Zhu Di himself launched his troops again. The offensive was set and determined, but after less than two days, he abandoned it and departed. He believed that only by taking Jinan could he cut off the north-south passage. On the spot, he delimited the boundary and guard. It was not difficult for the Yingtianfu (the Nanjing-based government of the Jianwen Emperor) to take it. Consequently, he took advantage of Li Jinglong's dash. With all his strength, he attacked, thinking that he must attack and seize Jinan. Because of Tie Xuan, he failed, and he was frustrated. The Jianwen Emperor heard this and was very pleased. He dispatched an official to go and show appreciation, to bestow gold, to confer upon him the title "the third" (三世). Tie Xuan entered the palace to pay his respects and offer thanks. The Jianwen Emperor again honored him with a banquet and reception. All of Tie Xuan's suggestions were imposed and adopted. Tie Xuan was promoted to the Shandong left minister position in its government. In the 12th month of that year, he was promoted to an official in the Ministry of War. The Jianwen Emperor replaced Sheng Yong with Li Jinglong as General of Yan, and he assigned Tie Xuan to participate in military affairs. That winter, Sheng Yong defeated Zhu Di at Dongchang and beheaded his general, Zhang Yu. Zhu Di fled back to Beiping (now Beijing). Since then, the Yan troops have all gone via Xuzhou, Pei County, to go south. They would not dare again to go via Shandong.

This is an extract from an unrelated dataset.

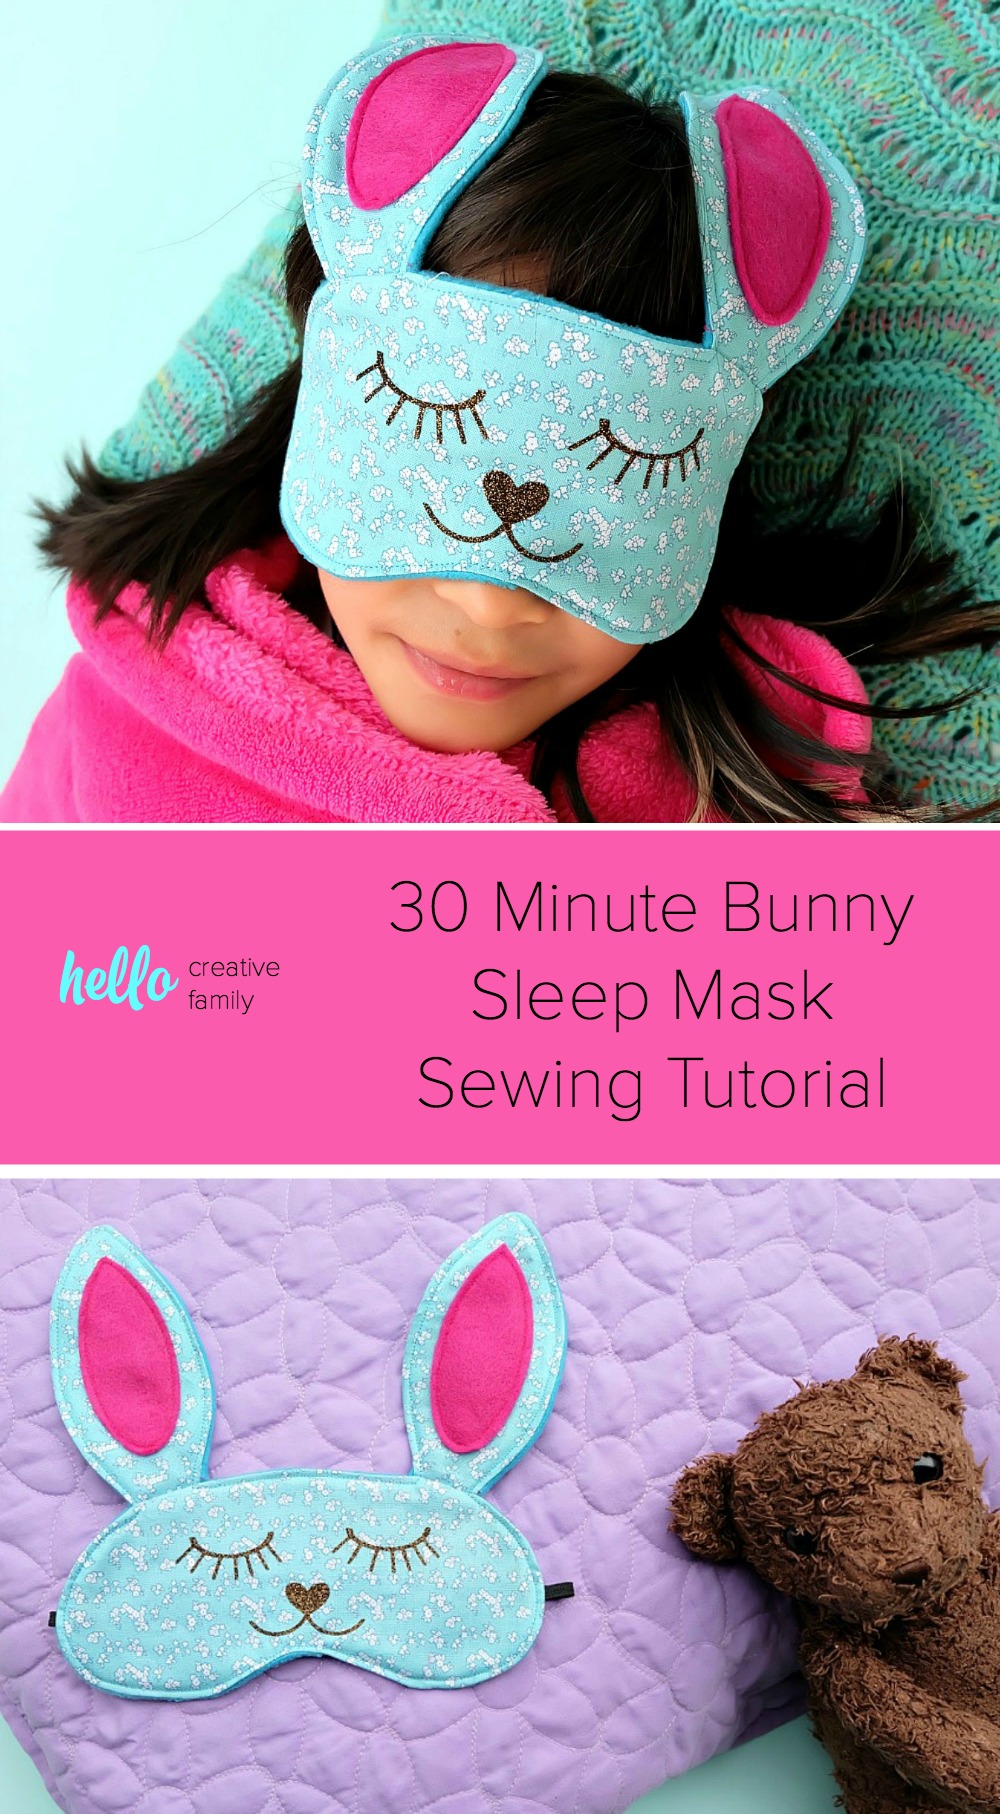 This 30 Minute Bunny Sleep Mask Sewing Tutorial is just about as cute as can be! Its easy to make and would make an adorable handmade gift idea for teens or tweens and would be perfect for birthday party or slumber party favors! Free cut file provided using the Cricut Maker or Cricut Explore. I have to make this Cricut project next! Step by step photos and instructions! #sponsored #CricutMade #CricutMaker

As the Yan troops advanced day by day, the Jianwen Emperor ordered the Liaodong military official Yang Wen to command 100,000 troops to go ahead and link up with Tie Xuan, to break off the Yan troop's escape route. Yang Wen's army arrived at Zhigu (in Tianjin), and was defeated by the Yan General Song Gui; not one of them arrived in Jinan. In the fourth month of the fourth year of Jianwen (1402), the Yan army fought against the central army in the south of the Xiaohe River, and Tie Xuan and the generals had some successes. Both sides linked up to fight at Lingbi, but Ping An and other soldiers were dispersed and captured. After this, Sheng Yong was also defeated. The Yan troops crossed the river, and attacked Tie Xuan's soldiers stationed at Huaishang. That army was also defeated.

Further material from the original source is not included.